## Exercise
Beginning with the line containing "23/07/19 BETFRED CUP: GROUP D" and going on through the line containing "Inverness’ Nikolay Todorov", the lines below are to be returned exactly, pictures excluded and nothing added.

START Given records

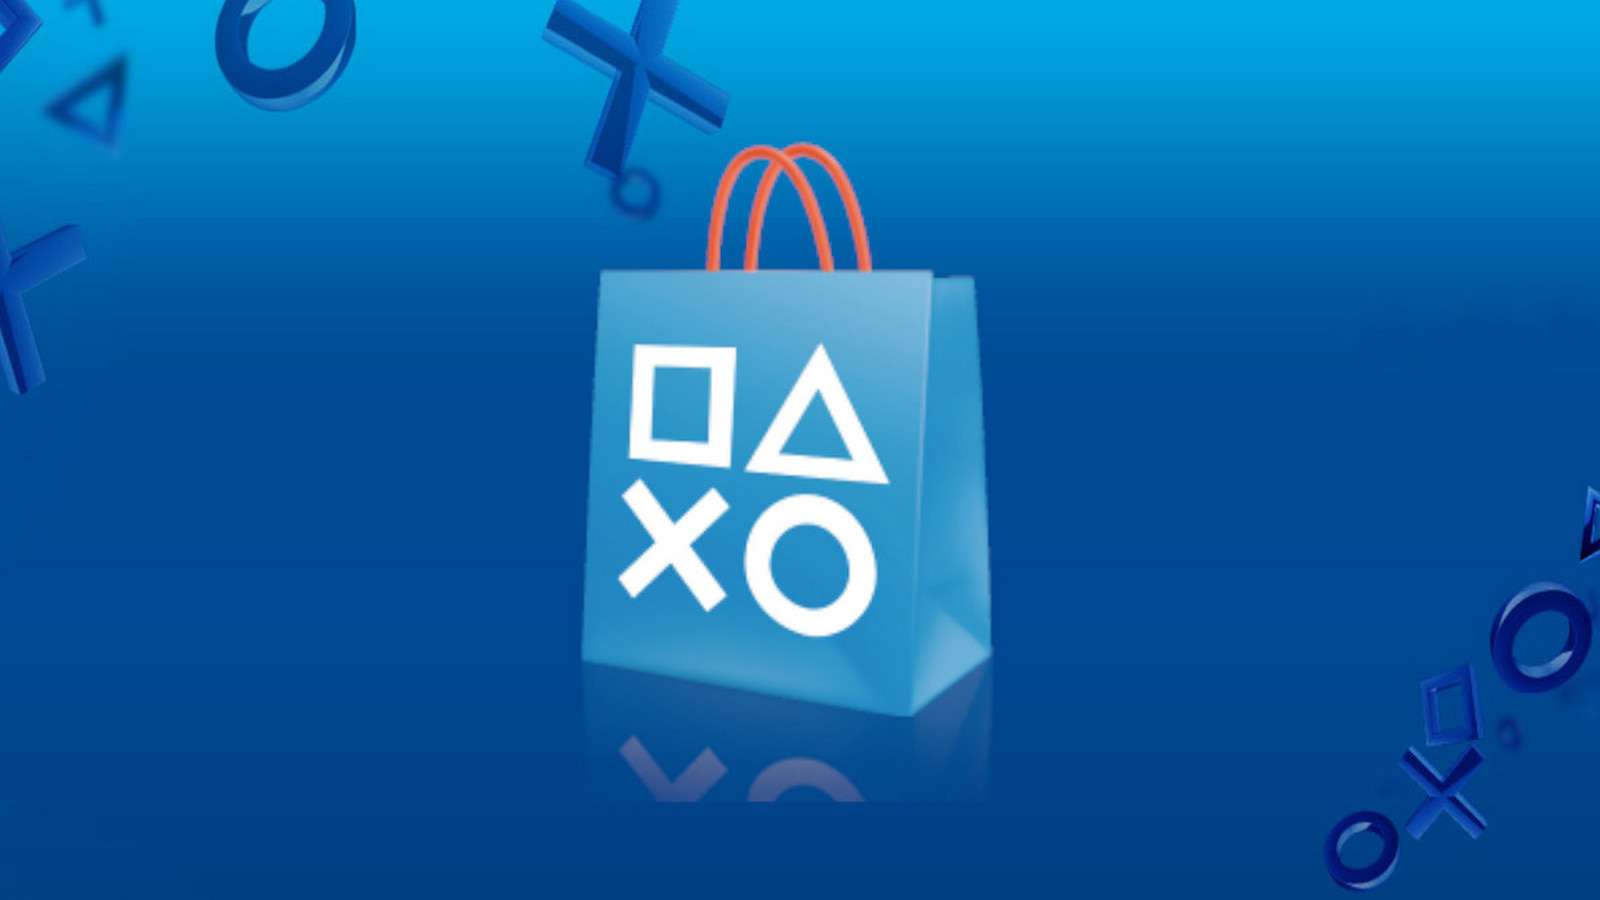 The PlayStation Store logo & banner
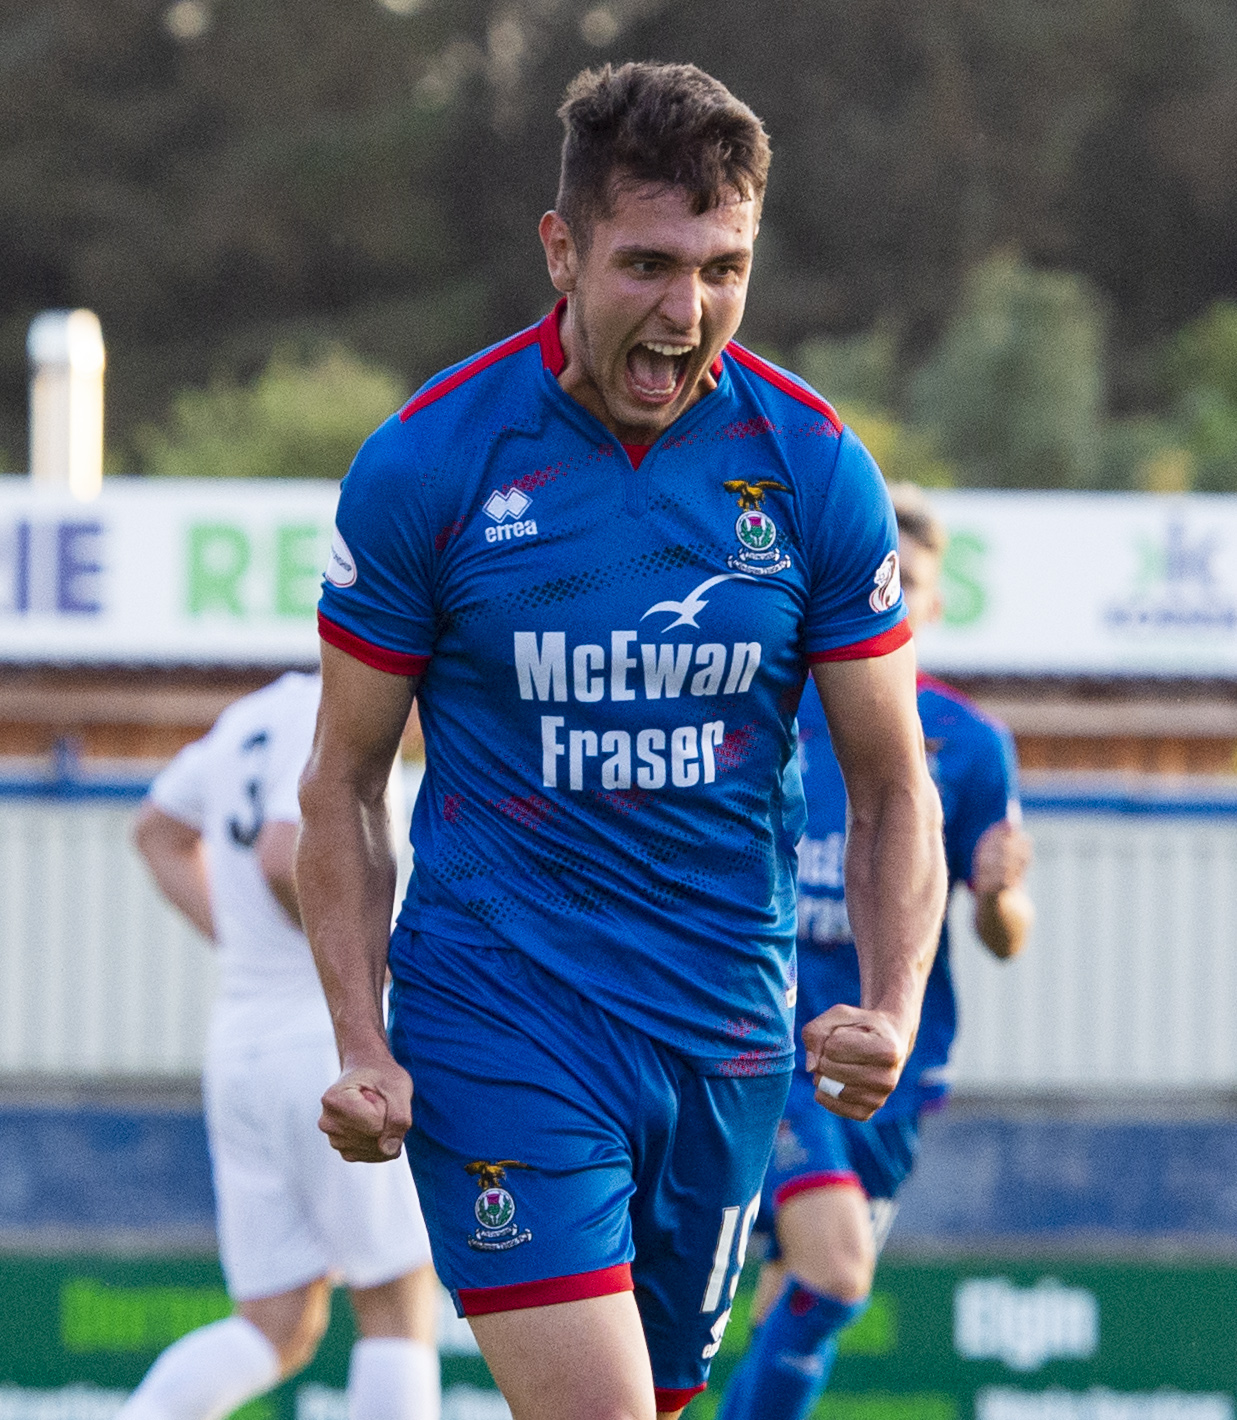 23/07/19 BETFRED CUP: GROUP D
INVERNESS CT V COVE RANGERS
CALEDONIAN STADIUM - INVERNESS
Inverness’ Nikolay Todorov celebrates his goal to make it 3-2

END Given records
START Given records

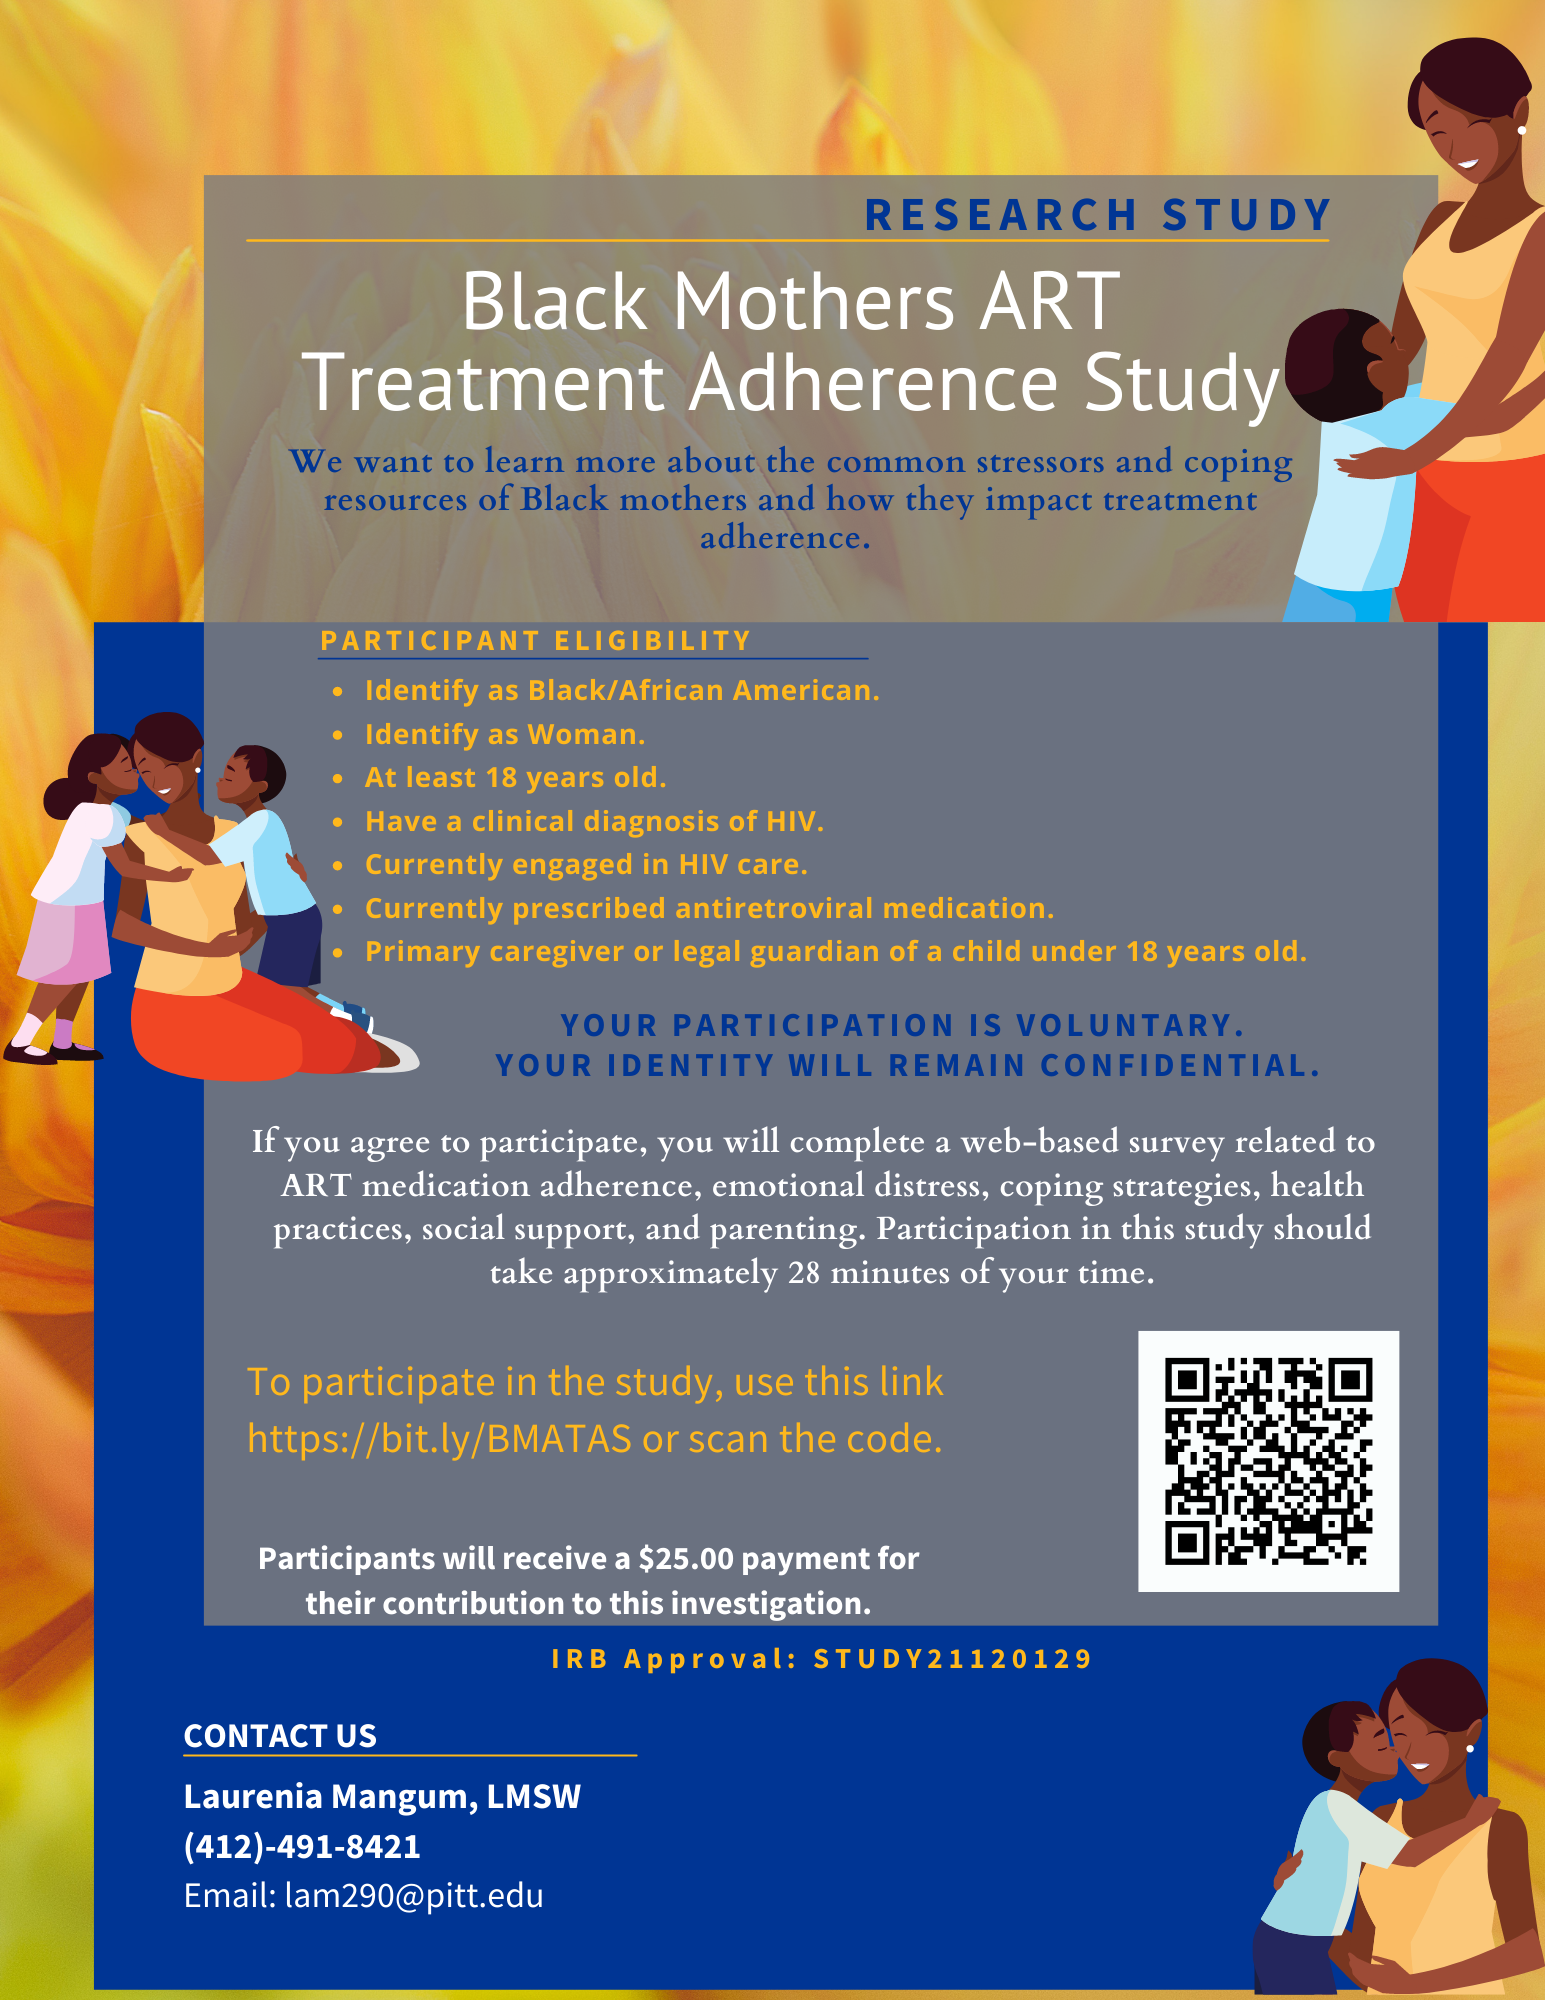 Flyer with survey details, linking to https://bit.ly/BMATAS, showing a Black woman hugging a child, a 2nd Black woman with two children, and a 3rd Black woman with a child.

END Given records

## Finished task
 23/07/19 BETFRED CUP: GROUP D
INVERNESS CT V COVE RANGERS
CALEDONIAN STADIUM - INVERNESS
Inverness’ Nikolay Todorov celebrates his goal to make it 3-2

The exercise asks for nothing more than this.